You have very cute tiels


----------



## roxy culver (May 27, 2010)

Well ain't they just gorgeous!


----------



## nwoodrow (Feb 13, 2011)

thanks iperry and roxy i think they are too.


----------



## lperry82 (Aug 2, 2010)

nwoodrow said:


> thanks iperry and roxy i think they are too.


Call me Lindsey


----------



## FroggySam (Apr 5, 2011)

They are so gorgeous.

This forum is a bad influence. I only have one cockatiel at the moment and seeing all your lovely birds makes me want more!!!!


----------



## lperry82 (Aug 2, 2010)

FroggySam said:


> They are so gorgeous.
> 
> This forum is a bad influence.
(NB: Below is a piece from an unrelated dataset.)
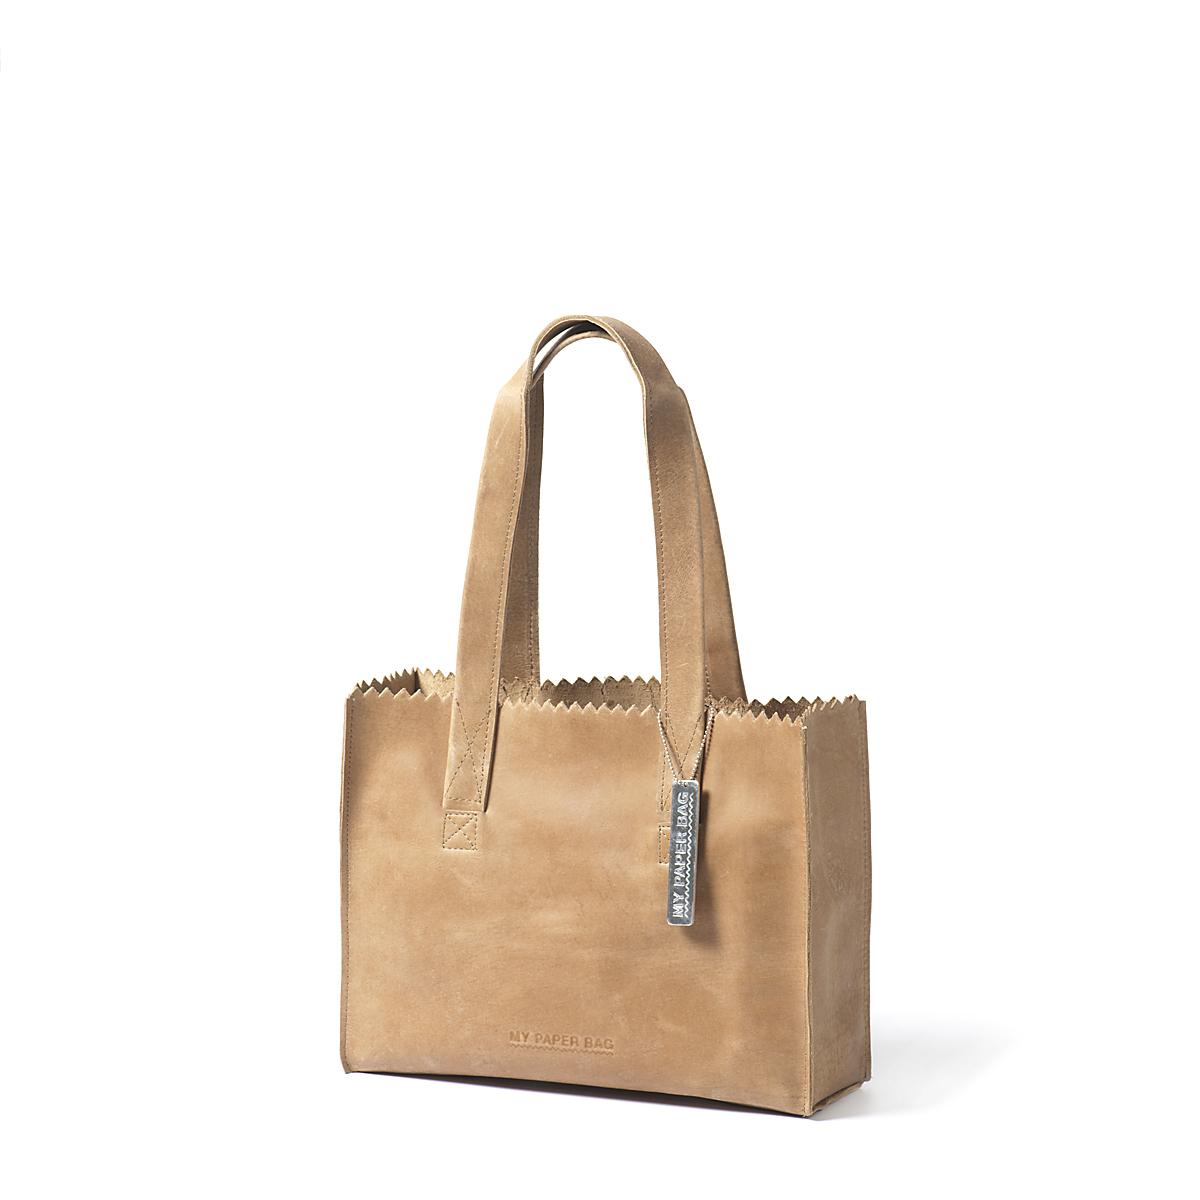 blond My paper bag handbag good for all

I only have one cockatiel at the moment and seeing all your lovely birds makes me want more!!!!


Ha ha I totally agree with you there this forum is a very bad influence lol
since i joined last year i have been adding to my flock


----------



## FroggySam (Apr 5, 2011)

I mentioned getting more to my other half yesterday and he gave me.......the look!

I may have to sneak them in


----------



## lperry82 (Aug 2, 2010)

Ha ha mine always say no you have enough, when he come in with a parrot cage i said wow i can fit more tiels in there he said no you got 6


----------



## nwoodrow (Feb 13, 2011)

ok thank you lindsey, and i got my other half to come around to my way of thinking by showing him the aviary i designed and with the first clutch we ever hand raised, he never puts up a stink about more birds, though its still a fight in reguards to other creatures lol


----------



## lperry82 (Aug 2, 2010)

Once he sees all of them in there he will think its empty ha ha


----------



## nwoodrow (Feb 13, 2011)

no i love the aviary cause i can slip in an extra bird and he doesnt know until he does a head count lol. i cant wait to get a bigger space so that we can add more panels and expand the avairy.


----------



## lperry82 (Aug 2, 2010)

Hmmm i wonder if i will get away with it, he only takes more notice of cookie because cookie will whistle to him and loves getting kisses from him


----------